Print

Print


Hi Serge,

Thanks for this detailed report, master build fine on my machine but you're right there's something strange with LIBPATH, I check and let you know.

Cheers,

Fabrice

On 01/08/2015 12:26 AM, Serge Monkewitz wrote:
[log in to unmask]" type="cite">
Hey all,

    The xrootd death happened because Tatiana had a small typo in her query (scisql_s2PtInPoly should be scisql_s2PtInCPoly). As Fritz surmised, this led to an uncaught std::runtime_error and subsequent worker death. Since Fritz is in the process of fixing this, hopefully we can just wait for his changes to land.
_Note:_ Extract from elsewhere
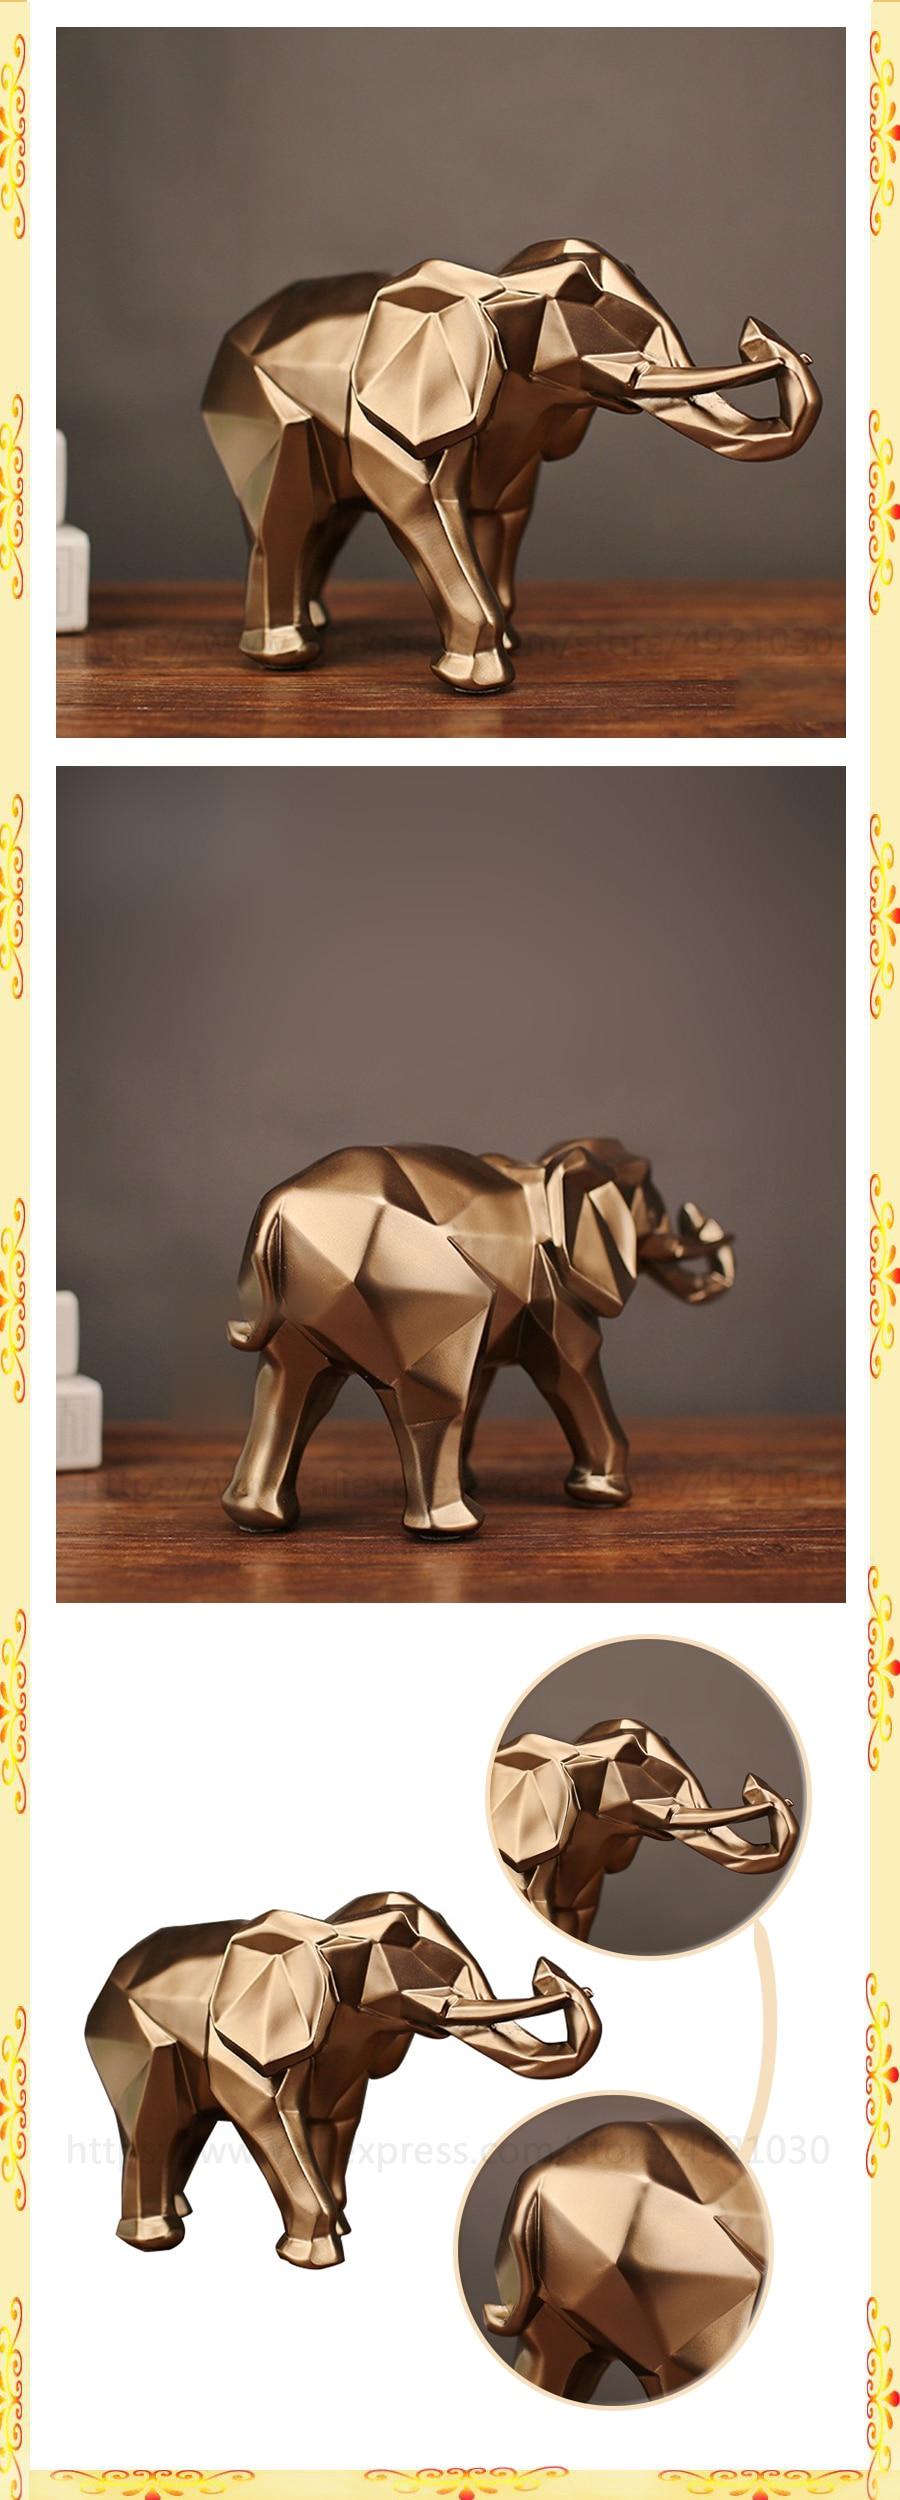 2021 abstrato moderno elefante dourado estátua resina

However, there are bigger problems. First of all, master doesn’t build for me. I get this error:

  File "/home/lsstadm/qserv/SConstruct", line 104:
    env.Alias("dist-core", get_install_targets())
  File "/home/lsstadm/qserv/SConstruct", line 90:
    exports=['env', 'ARGUMENTS'])
  File "/home/lsstadm/stack/Linux64/scons/2.3.0+1/lib/scons/SCons/Script/SConscript.py", line 609:
    return method(*args, **kw)
  File "/home/lsstadm/stack/Linux64/scons/2.3.0+1/lib/scons/SCons/Script/SConscript.py", line 546:
    return _SConscript(self.fs, *files, **subst_kw)
  File "/home/lsstadm/stack/Linux64/scons/2.3.0+1/lib/scons/SCons/Script/SConscript.py", line 260:
    exec _file_ in call_stack[-1].globals
  File "/home/lsstadm/qserv/build/SConscript", line 39:
    canBuild = detect.checkMySql(env) and detect.setXrootd(env) and detect.checkXrootdLink(env)
  File "/home/lsstadm/qserv/site_scons/detect.py", line 225:
    xrdLibPath = findXrootdLibPath("XrdCl", env["LIBPATH"])
  File "/home/lsstadm/qserv/site_scons/detect.py", line 213:
    if os.access(os.path.join(path, fName), os.R_OK):
  File "/home/lsstadm/stack/Linux64/anaconda/2.1.0/lib/python2.7/posixpath.py", line 77:
    elif path == '' or path.endswith('/'):

which is caused by the fact that env[“LIBPATH”] looks like:

[[], '/home/lsstadm/stack/Linux64/antlr/2.7.7/lib', '/home/lsstadm/stack/Linux64/boost/1.55.0.1.lsst2/lib', '/home/lsstadm/stack/Linux64/log4cxx/0.10.0.lsst1+2/lib', '/home/lsstadm/stack/Linux64/xrootd/4.0.0rc4-qsClient2/lib', '/home/lsstadm/stack/Linux64/zookeeper/3.4.6/c-binding/lib', '/home/lsstadm/stack/Linux64/mysql/5.1.65.lsst1/lib', '/home/lsstadm/stack/Linux64/protobuf/2.4.1/lib', '/home/lsstadm/stack/Linux64/log/10.0+3/lib']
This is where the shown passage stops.